Retype the listing exactly. Leave out the images.

(Data below)

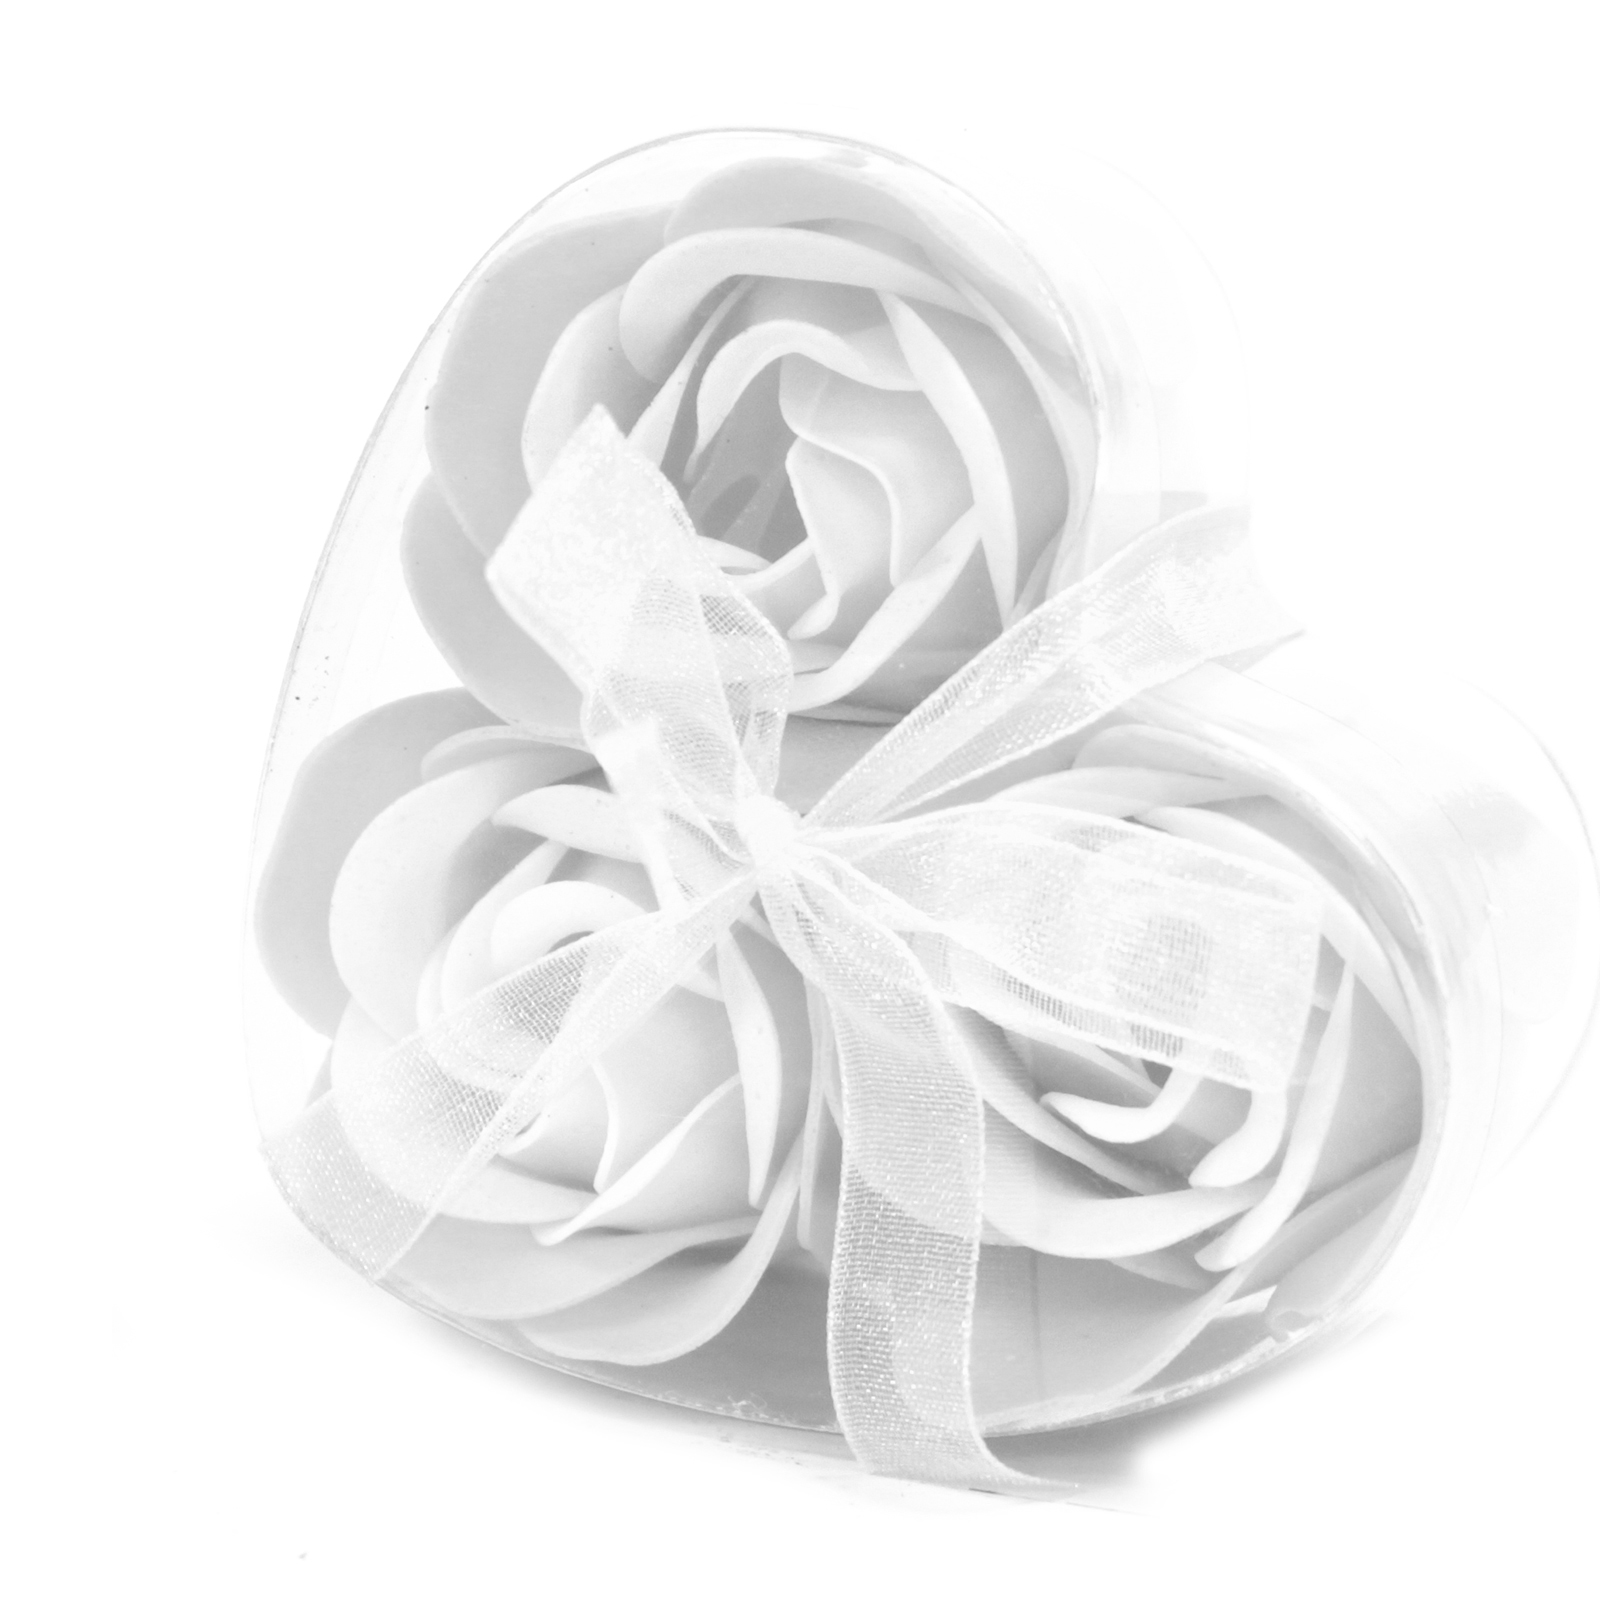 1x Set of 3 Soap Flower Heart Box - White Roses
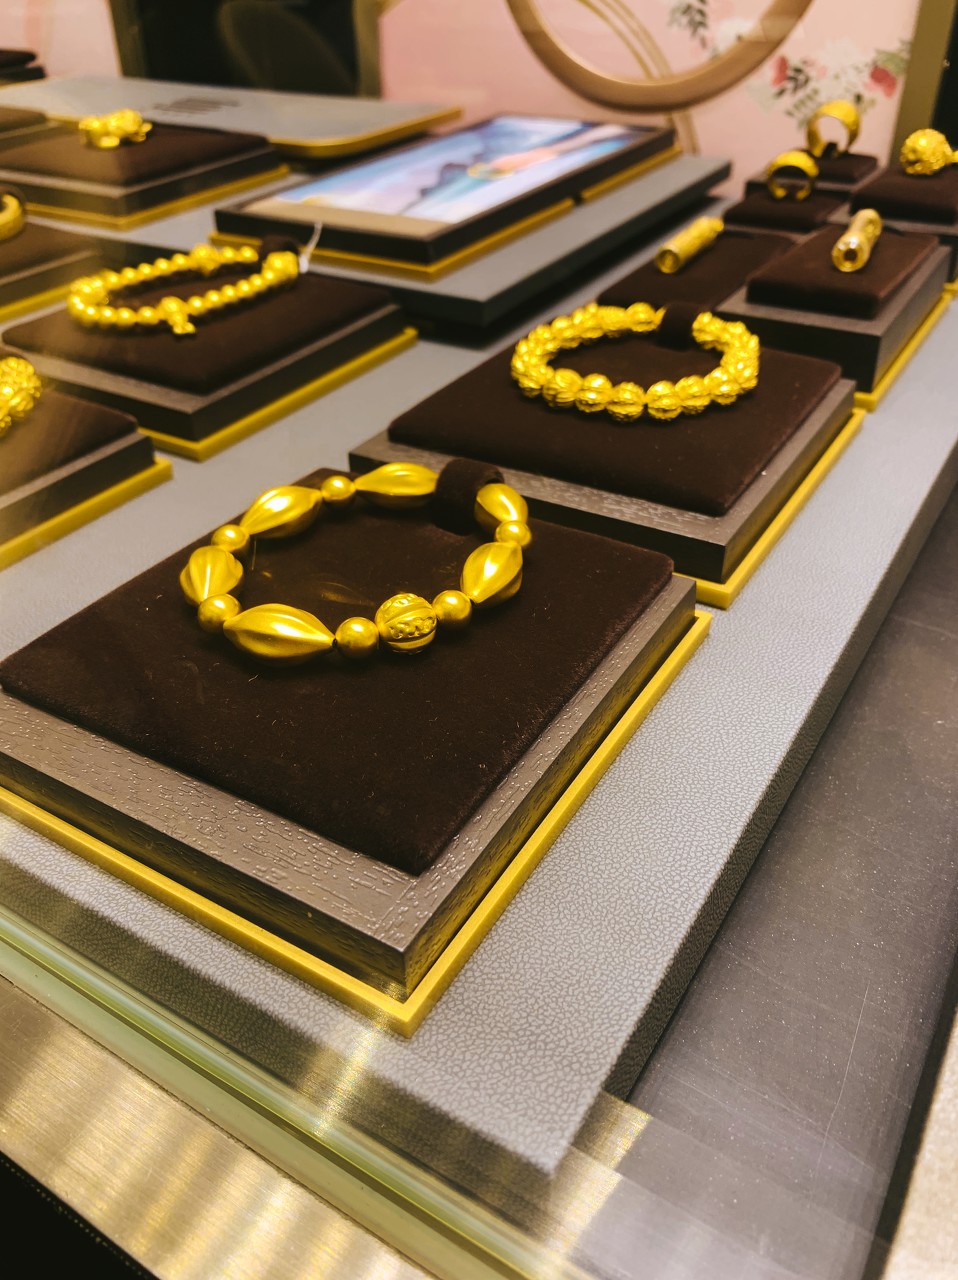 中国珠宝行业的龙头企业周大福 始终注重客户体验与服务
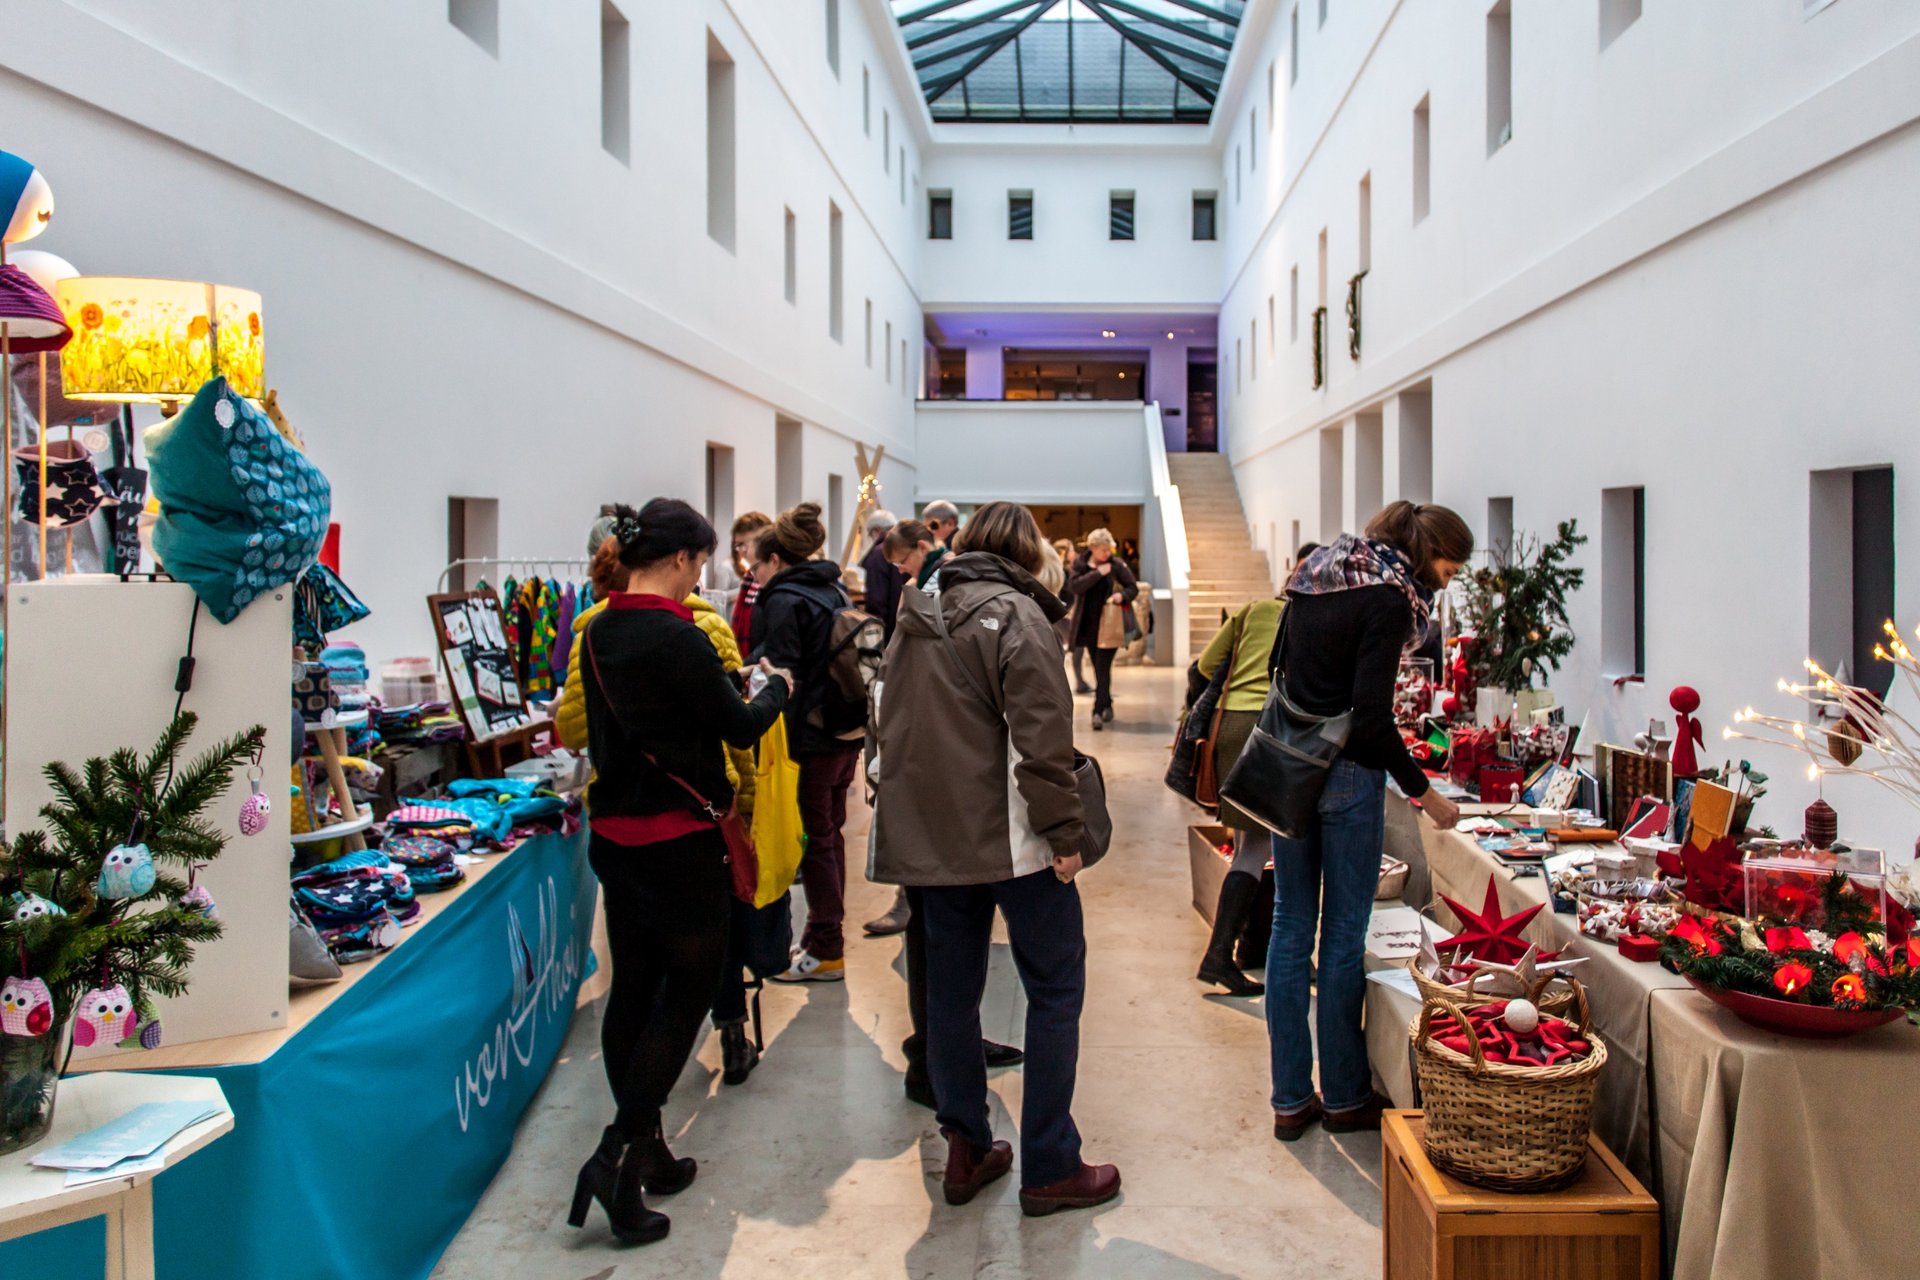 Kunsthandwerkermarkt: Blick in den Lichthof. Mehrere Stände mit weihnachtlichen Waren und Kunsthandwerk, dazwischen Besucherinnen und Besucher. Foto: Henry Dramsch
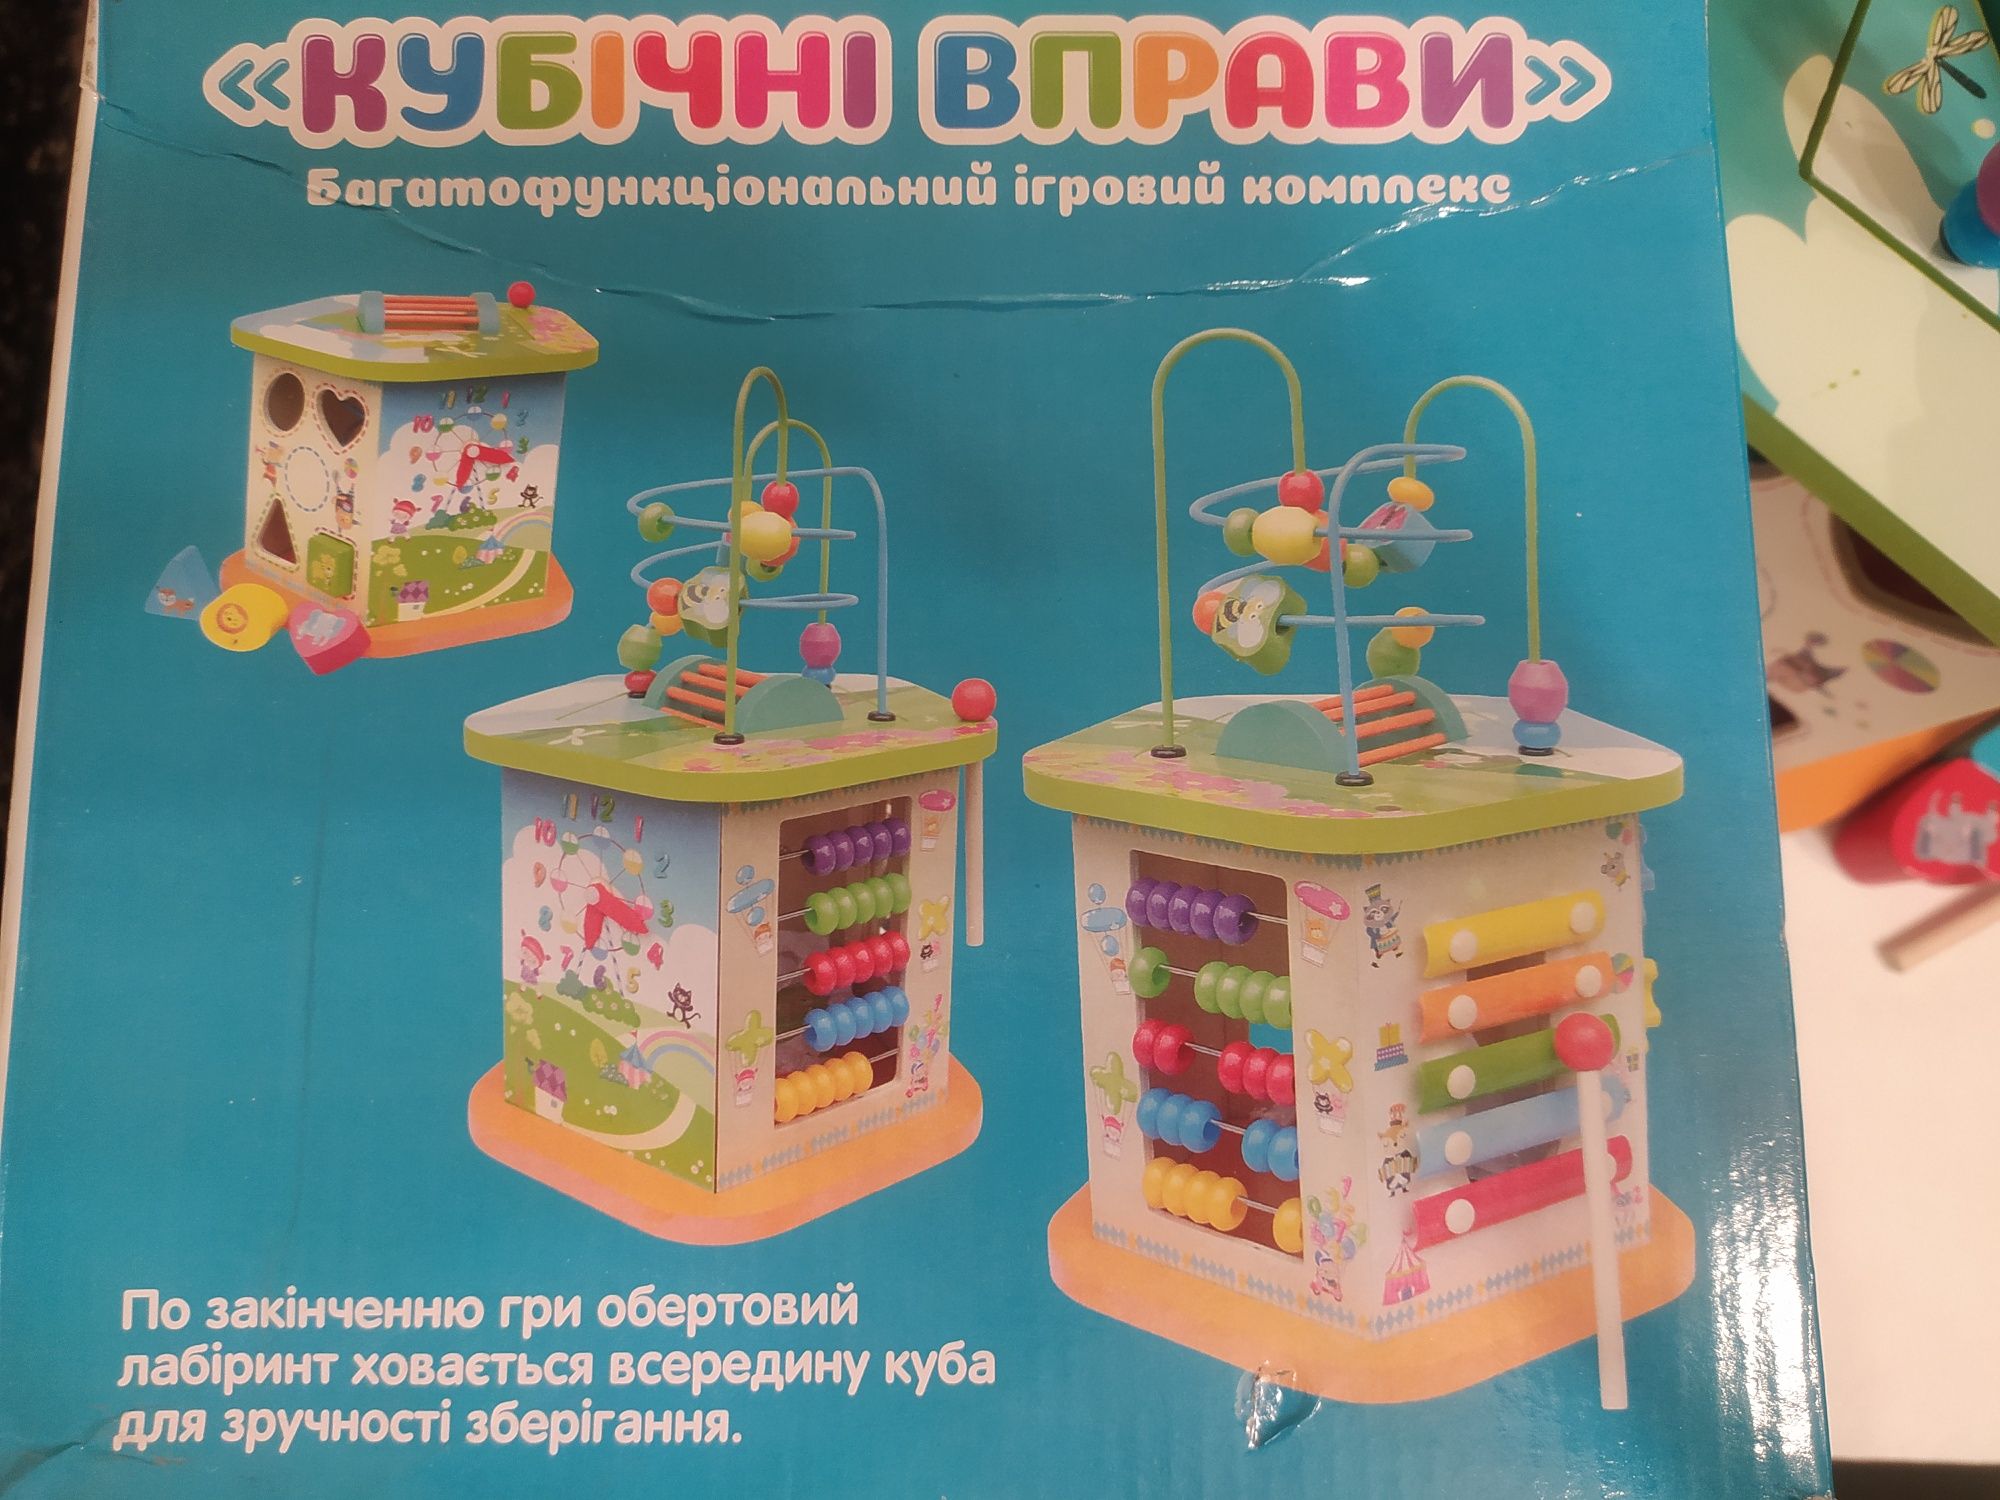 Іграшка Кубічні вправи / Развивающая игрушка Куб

(End Data below)

== Final answer ==
 1x Set of 3 Soap Flower Heart Box - White Roses
 中国珠宝行业的龙头企业周大福 始终注重客户体验与服务
 Kunsthandwerkermarkt: Blick in den Lichthof. Mehrere Stände mit weihnachtlichen Waren und Kunsthandwerk, dazwischen Besucherinnen und Besucher. Foto: Henry Dramsch
 Іграшка Кубічні вправи / Развивающая игрушка Куб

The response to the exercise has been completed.